Наверняка эти люди, у которых я побывал в девяностых, в шестидесятых пересекались на каких-нибудь званых вечерах и с Родом, скорее всего, типичным для тех времен хиппи-наркоманом в солнцезащитных очках. Не сомневаюсь, что он их знал – по именам, по давнишним вечеринкам, может, учился с ними вместе в той или иной частной школе и помнил их, как помнишь грязную шутку, которую тебе шепнули на ухо в чрезмерно ранимом подростковом возрасте. Наверняка же были какие-то праздники, свадьбы, куда все они ходили молодыми, когда я еще не родился. Я легко мог представить себе, как Род избегает ребят за шестым столиком – тех, кто несколько десятилетий спустя произведет на меня столь сильное впечатление. А Род крутился возле стола с алкоголем. Потом переехал в Род-Айленд и сидел там, всех осуждал. На пляже. Поскольку Род отказался от игр власти, которые были прерогативой его класса, его размышления о политике – чистый бред. Вот как я думал.
Мы уже заснули в креслах – ну или мне так показалось, – когда вдруг в палату вошел кто-то еще. Я подумал, что медсестра. «Остальные разошлись», – сказала она, как будто бы оправдываясь, и села. Это была мать Чейза Фитцпатрика. Ее звали Кэрри: тем вечером я уже видел ее в коридоре, нас наскоро представили друг другу. Я запомнил ее еще с того дня, когда пришел к Фитцпатрикам и Кэрри открыла дверь, а я передал ей коллаж, который сделал для Эдриен. Меня очень удивило, что она еще здесь, что она пришла. А Кэрри сидела с таким видом, словно собиралась провести тут всю ночь. Она поправила юбку. «Эдриен – такая необычная девушка», – сказала Кэрри, глядя на нее.
У матери Чейза была красивая форма лица, челка на лбу и коварные морщинки вокруг глаз, которые она, очевидно, пыталась скрыть, но не смогла. Ей было, наверное, около сорока пяти. Вела себя она предельно вежливо, но как будто не заметила, что у нас на коленях стояли еще не выброшенные коробочки от еды, от которых пахло, и вот уже не сосчитать сколько минут мы сидели и молчали, спокойно, как медведи.
– Род, Чейз пытается найти ей работу. Но она поет, и у нее нет времени. Наши дети постоянно заняты! Род, а она ведь чем угодно смогла бы заниматься. Даже в кресле-каталке. Ты же ее знаешь. Эдриен все что угодно может.
Кэрри никак не могла понять, что я тут делаю.
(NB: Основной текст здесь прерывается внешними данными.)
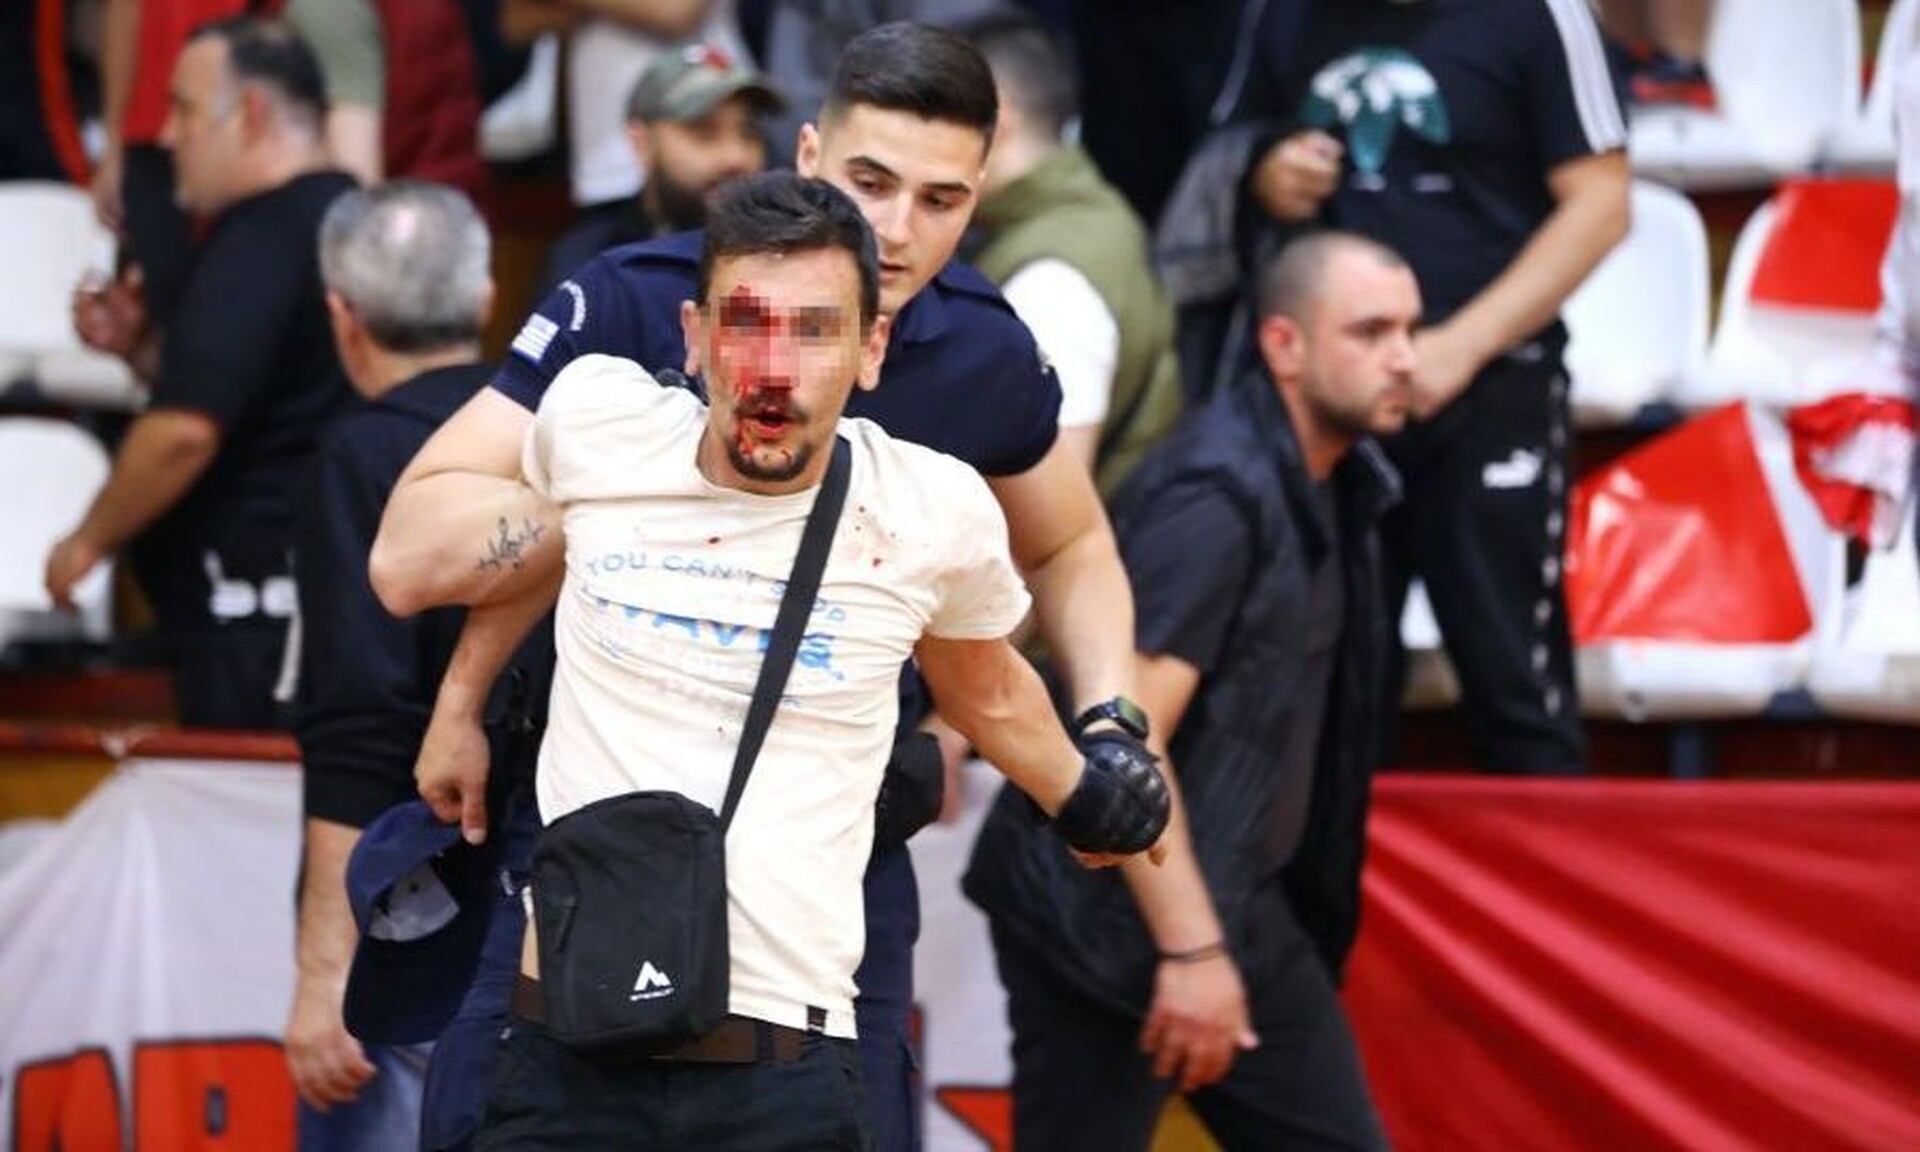 Σοβαρά επεισόδια στην Καισαριανή σε αγώνα μπάσκετ - Σκληρές εικόνες

– Чейз просил передавать всем привет, – она попробовала обратиться ко мне. – Он расстроен, что сам не может приехать. Но они фильм заканчивают.
Кэрри говорила так много, что я никак не мог сконцентрироваться; я даже начал не на шутку бояться, что она Эдриен разбудит, – я был не рад, что она пришла. Мне казалось, что у нас с Родом есть право находиться у постели больной – наши голоса имели значение в ее внутреннем мире, хоть и разное. Но Кэрри все портила; она была не глупее нас, но более стереотипной, более практичной. Она пыталась взять на себя присущую ей роль мамочки.
– Если хотите, можете поспать на диванчиках, а я посижу, – сказала она. Но у нее тут же зазвонил телефон. Я не знал, кто это – наверное, еще какая-то худая женщина среднего возраста, которая не может заснуть из-за антидепрессантов.
Кэрри в подробностях рассказала ей о состоянии Эдриен: операция завтра утром, но всего лишь предварительная, чтобы стабилизировать ее состояние, а потом Эдриен придется бороться, потом физиотерапия. Затем Кэрри перешла к ее биографии. «Нет. Нет-нет. В колледже не училась. Даже школу не закончила. Ага. Ага. Но она хорошая девочка. Прилежная. Да. С самого детства. С детского сада. Но у нее столько проблем…»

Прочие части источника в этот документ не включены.